TASK: Using the records below, copy exactly the part that opens with the line holding "Doncaster, United Kingdom, 22nd" and closes with the line holding "Psychologist Puns: Jokes And One-Liners", minus the pictures.

RECORDED DATA:

*** Block opens ***

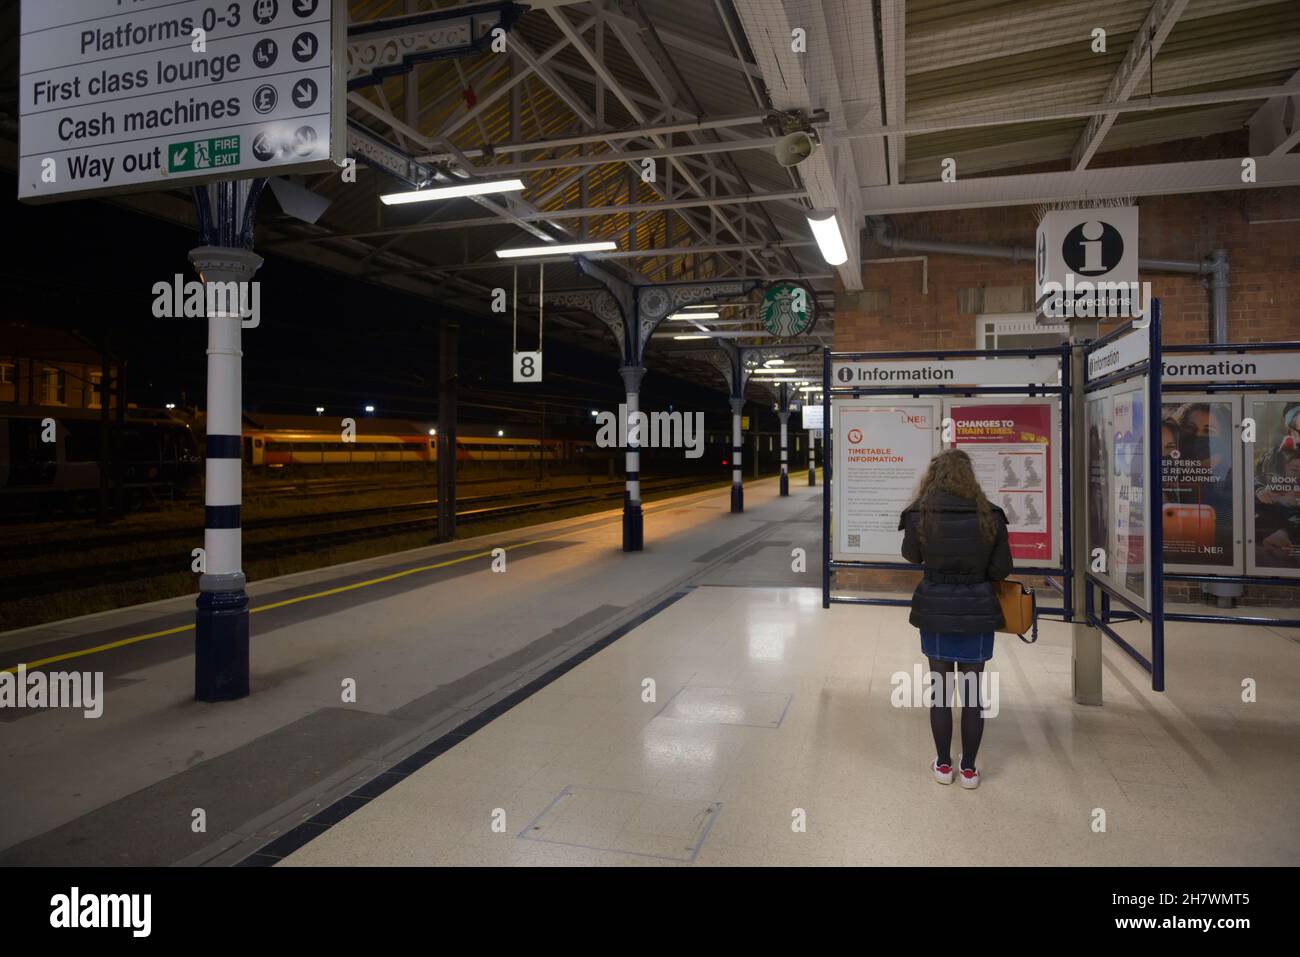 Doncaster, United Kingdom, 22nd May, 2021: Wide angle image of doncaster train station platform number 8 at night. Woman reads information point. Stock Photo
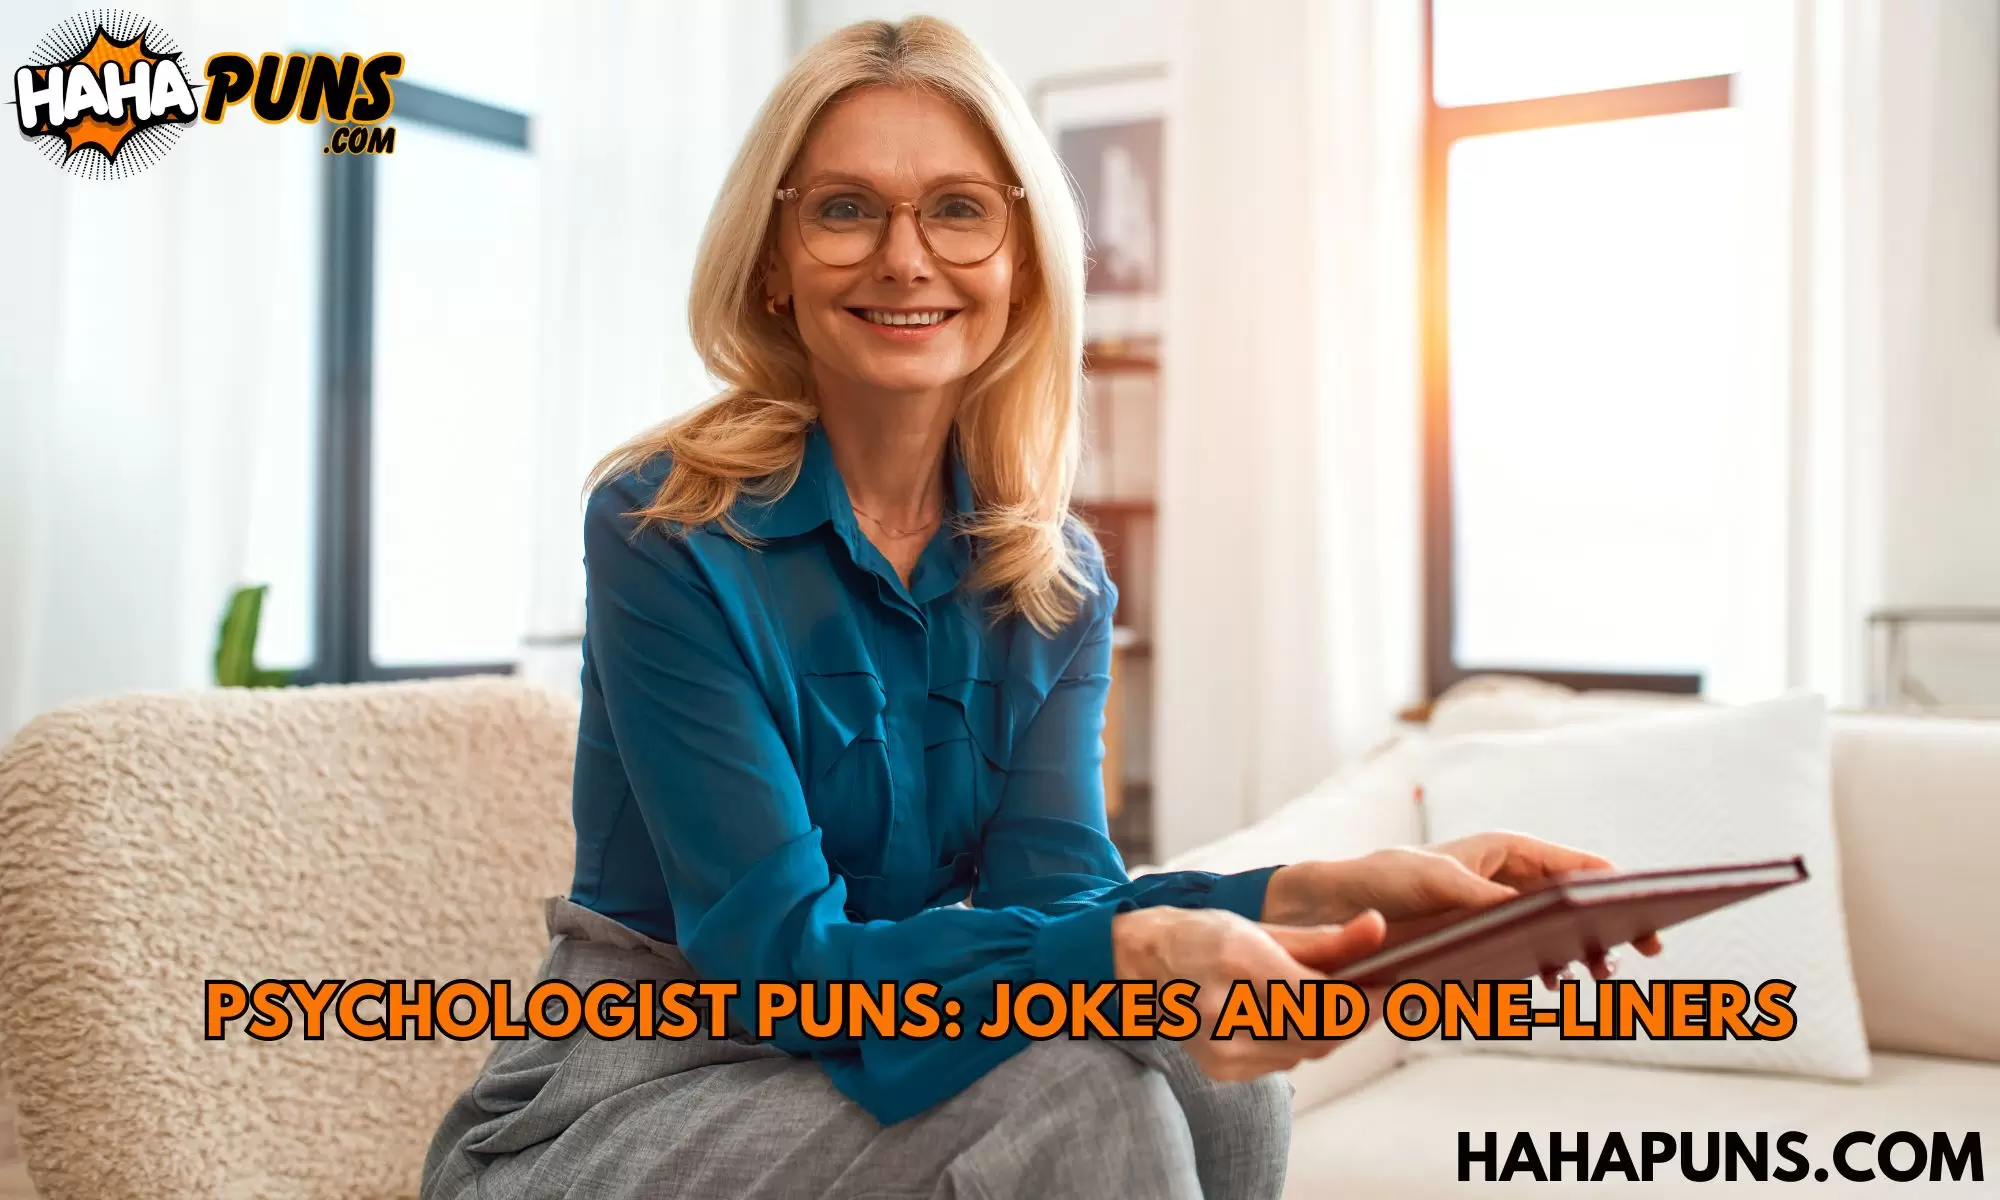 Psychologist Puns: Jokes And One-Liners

*** Block closes ***
*** Block opens ***

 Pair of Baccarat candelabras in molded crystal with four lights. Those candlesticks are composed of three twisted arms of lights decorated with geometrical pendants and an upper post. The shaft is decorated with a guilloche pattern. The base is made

*** Block closes ***
*** Block opens ***

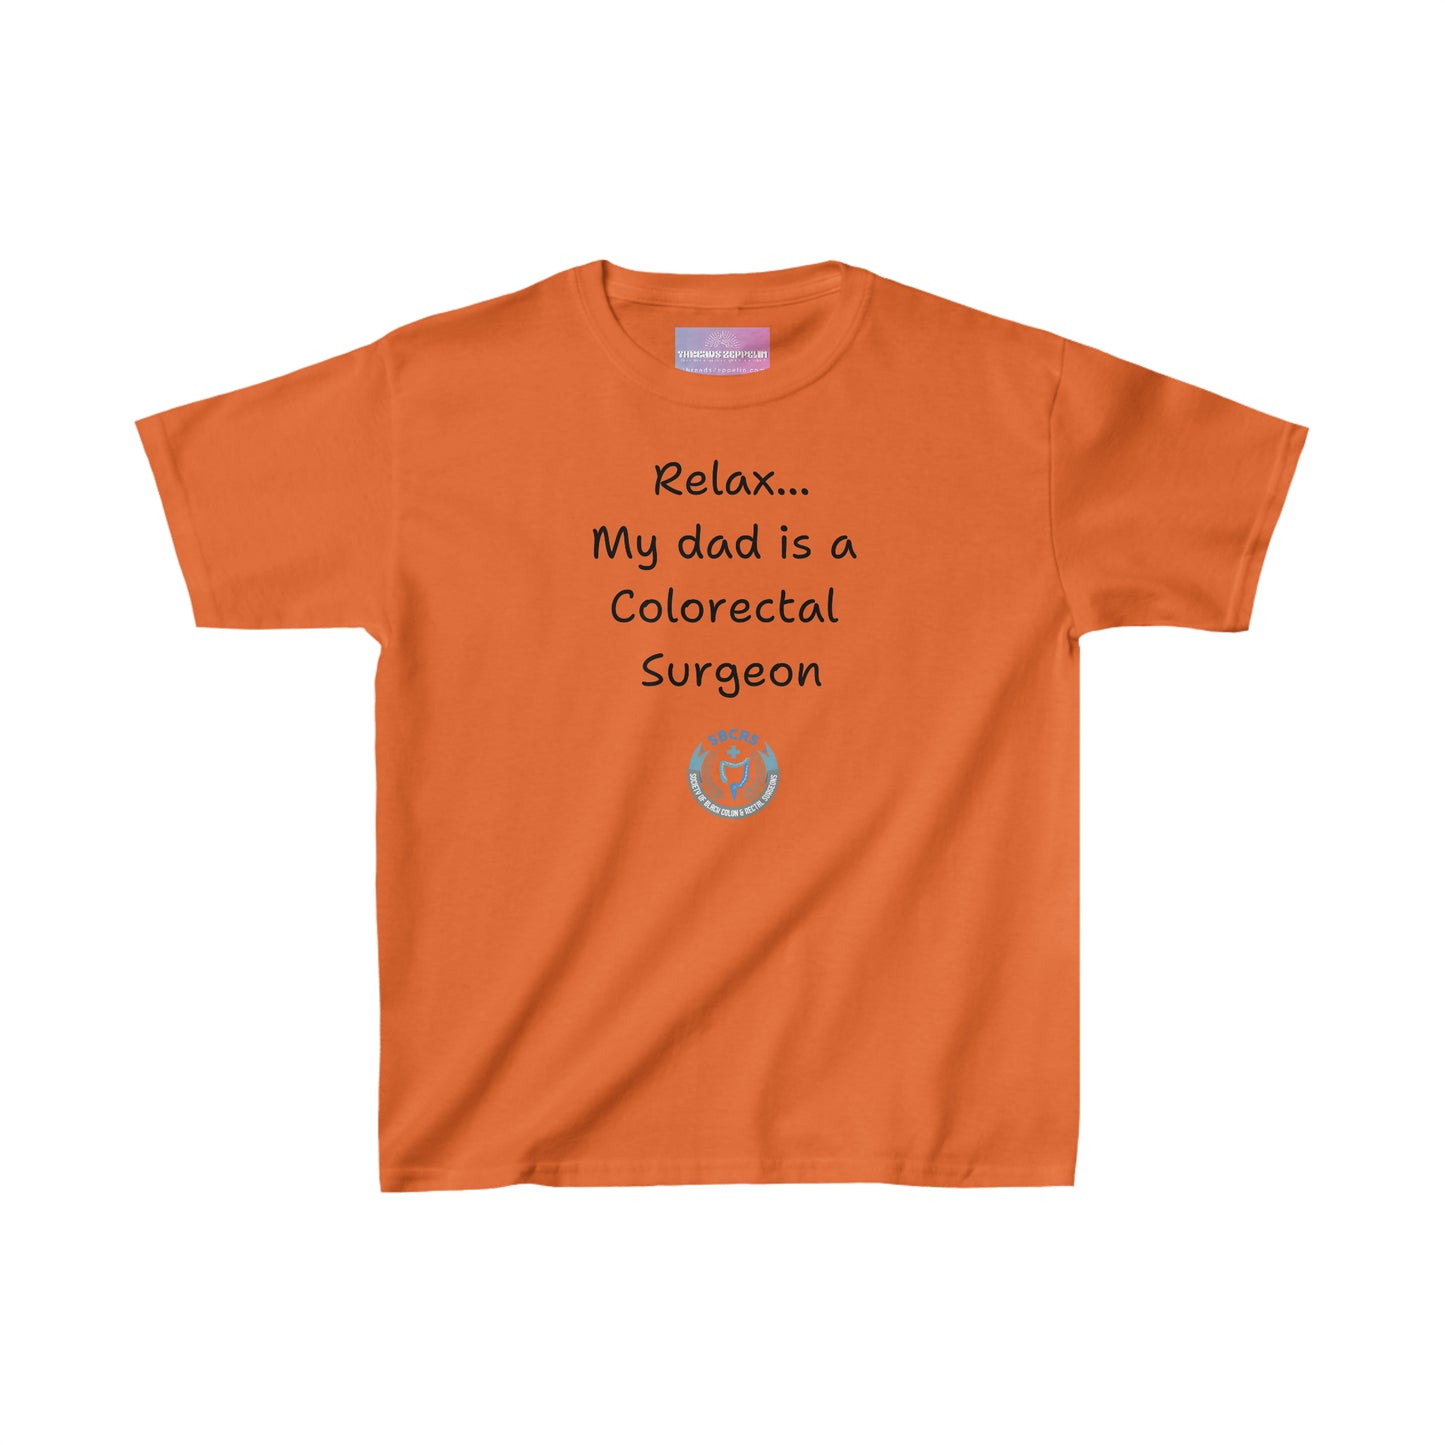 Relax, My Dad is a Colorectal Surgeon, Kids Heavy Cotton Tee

*** Block closes ***

SOLUTION TO THIS TASK:
 Doncaster, United Kingdom, 22nd May, 2021: Wide angle image of doncaster train station platform number 8 at night. Woman reads information point. Stock Photo
 Psychologist Puns: Jokes And One-Liners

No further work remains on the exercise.